■ WHAT NEEDS TO BE DONE
Give the listing again character for character, but drop the images.

■ DATASET EXCERPT
■ ■ ■

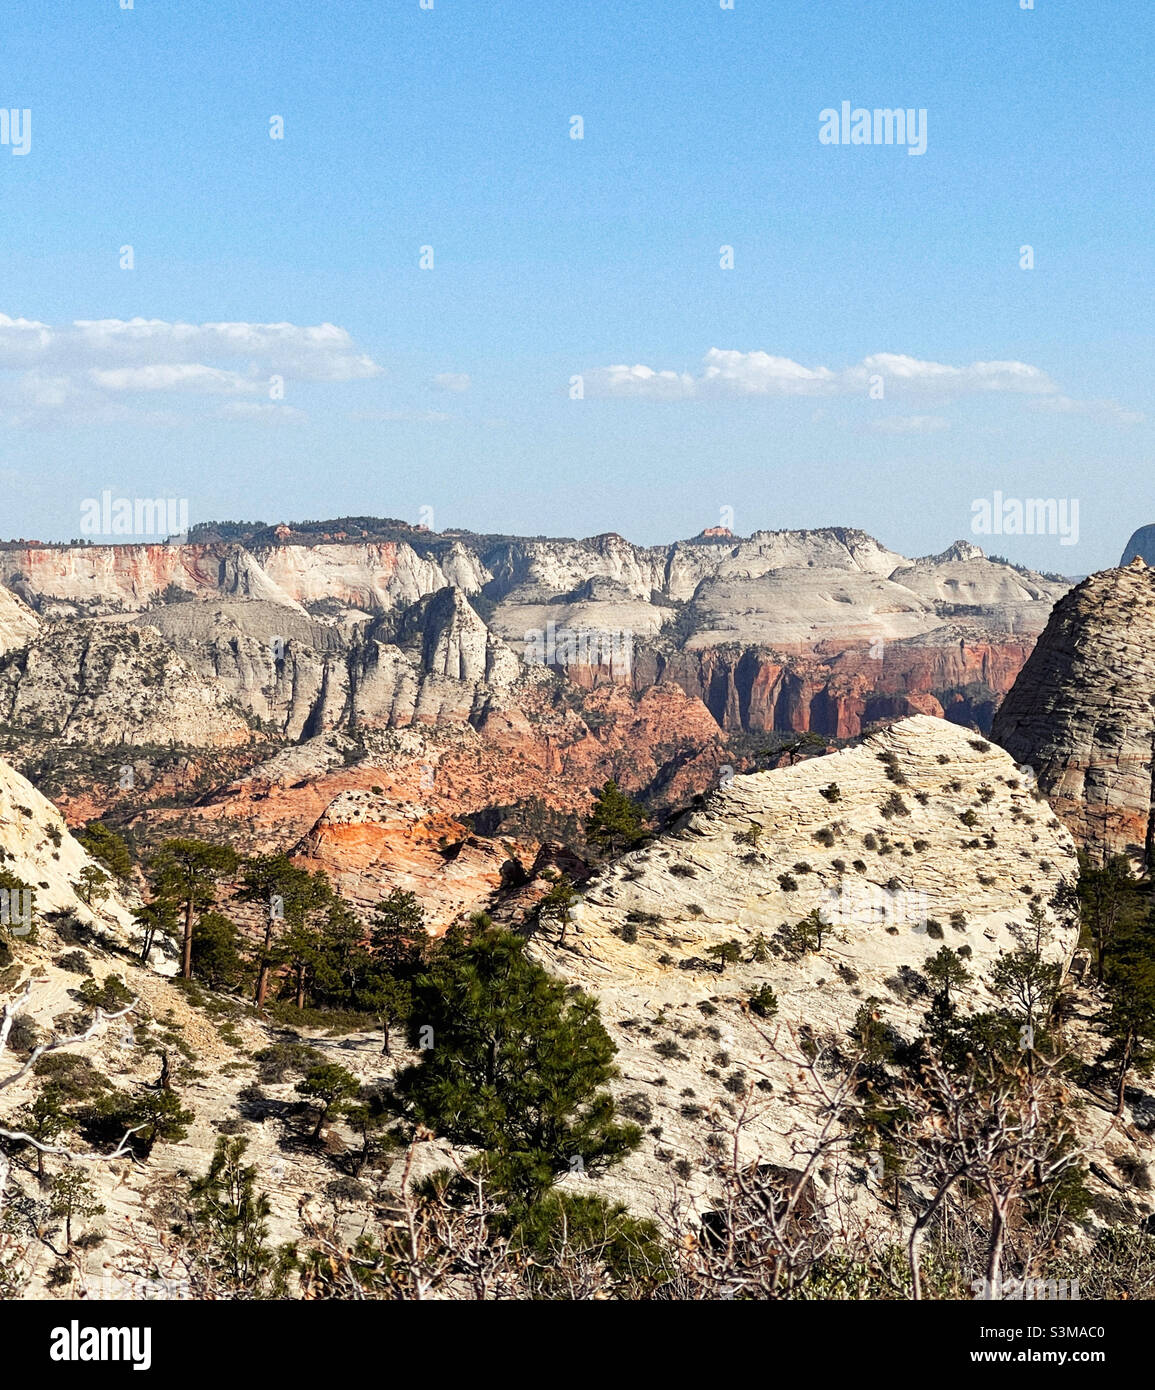 Observe el cañón Kolob en el parque nacional de Zion Foto de stock
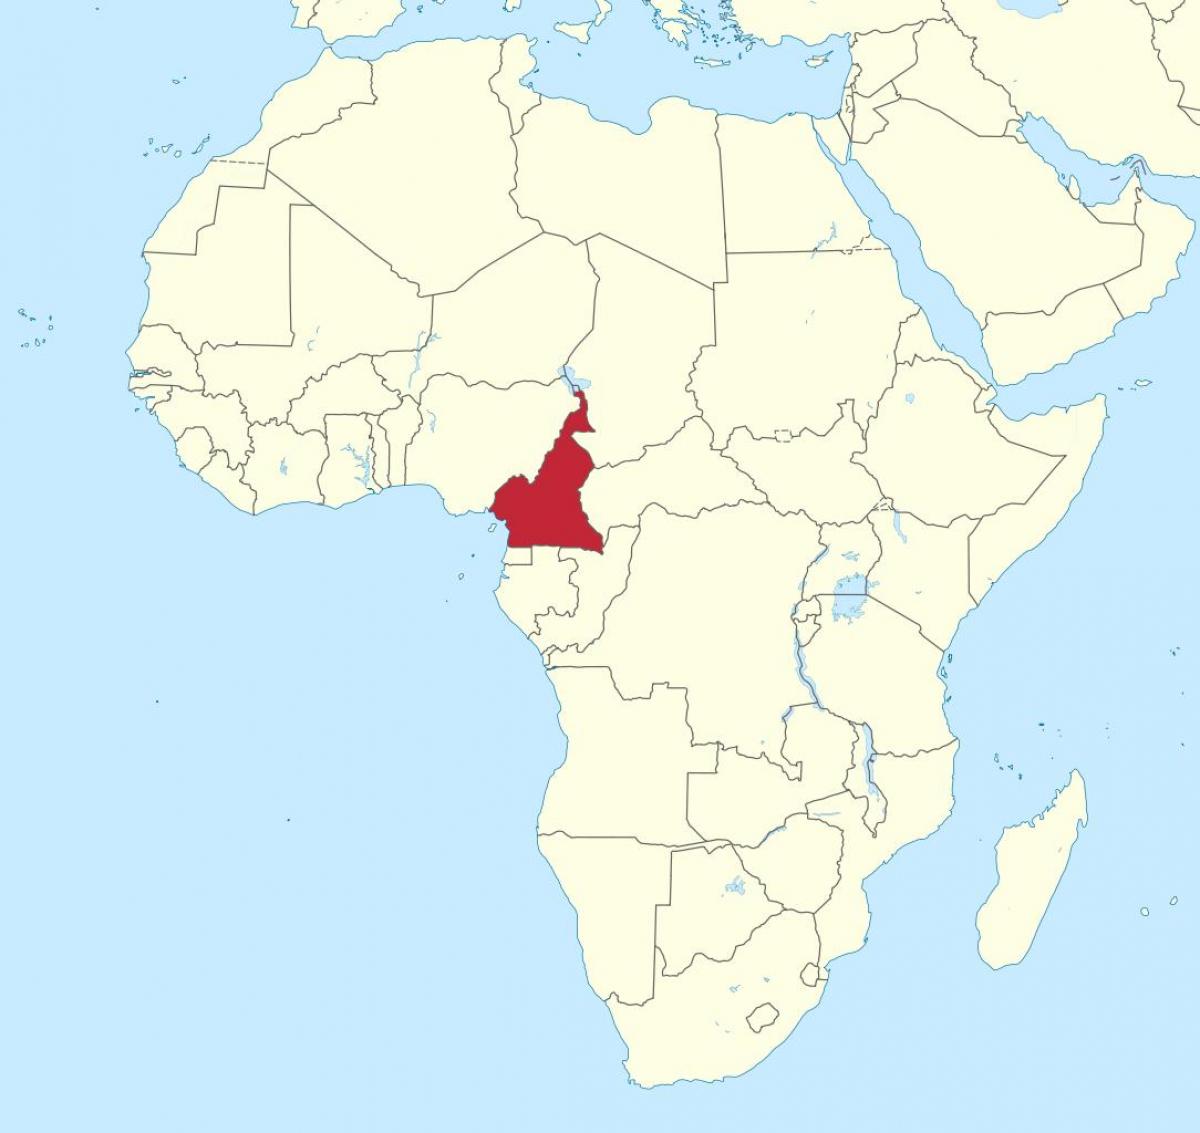 Mapa de Camerún, áfrica occidental
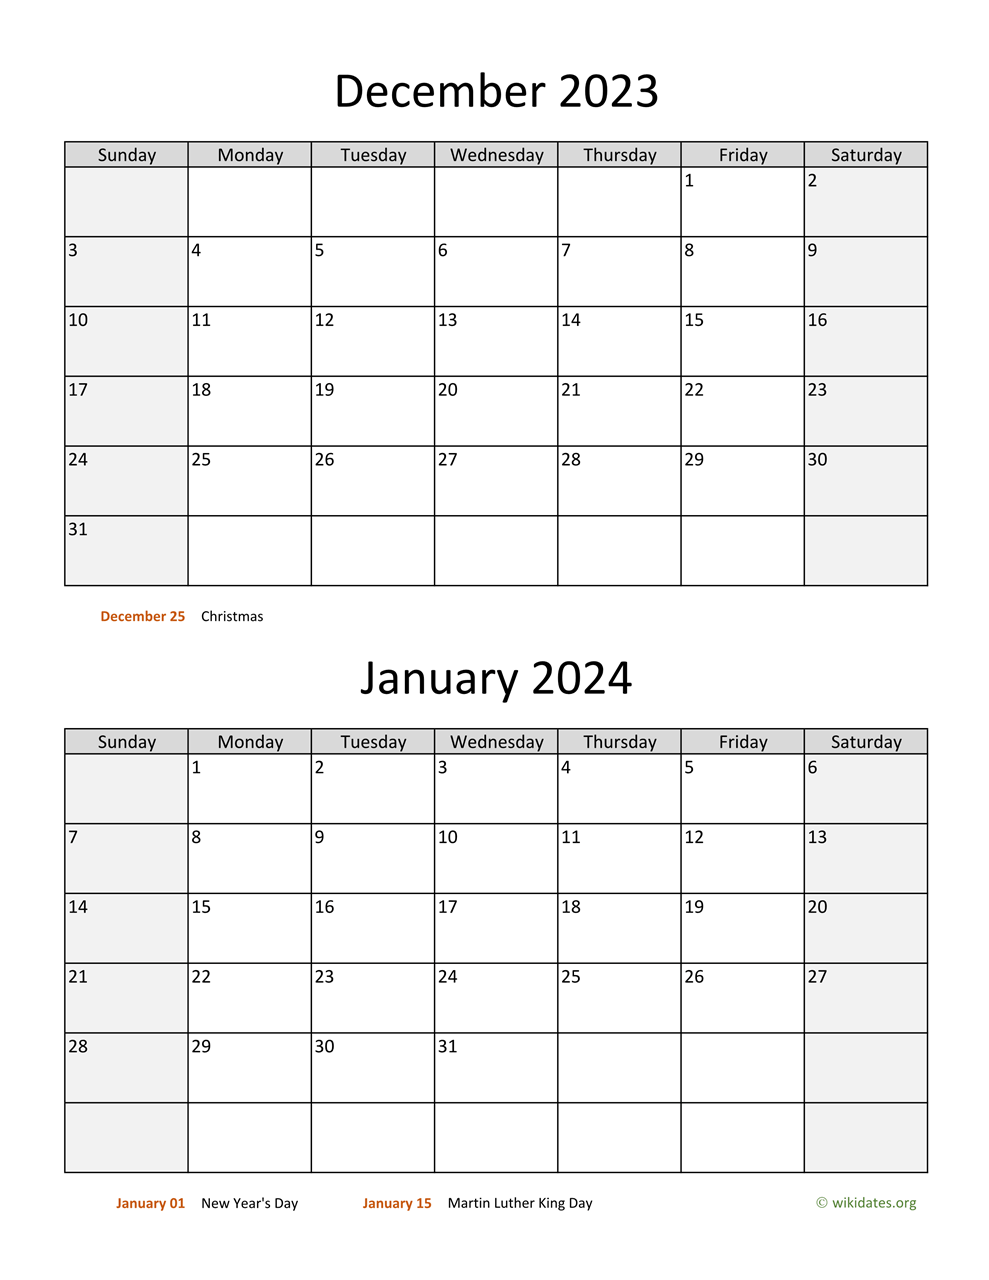 december 2022 and january 2023 calendar december 2022 calendar - printable calendar free printable monthly calendars to download for 2023 | 2023 printable calendar january to december

■ ■ ■

■ RESULT OF THE TASK
 Observe el cañón Kolob en el parque nacional de Zion Foto de stock
 Mapa de Camerún, áfrica occidental
 december 2022 and january 2023 calendar december 2022 calendar - printable calendar free printable monthly calendars to download for 2023 | 2023 printable calendar january to december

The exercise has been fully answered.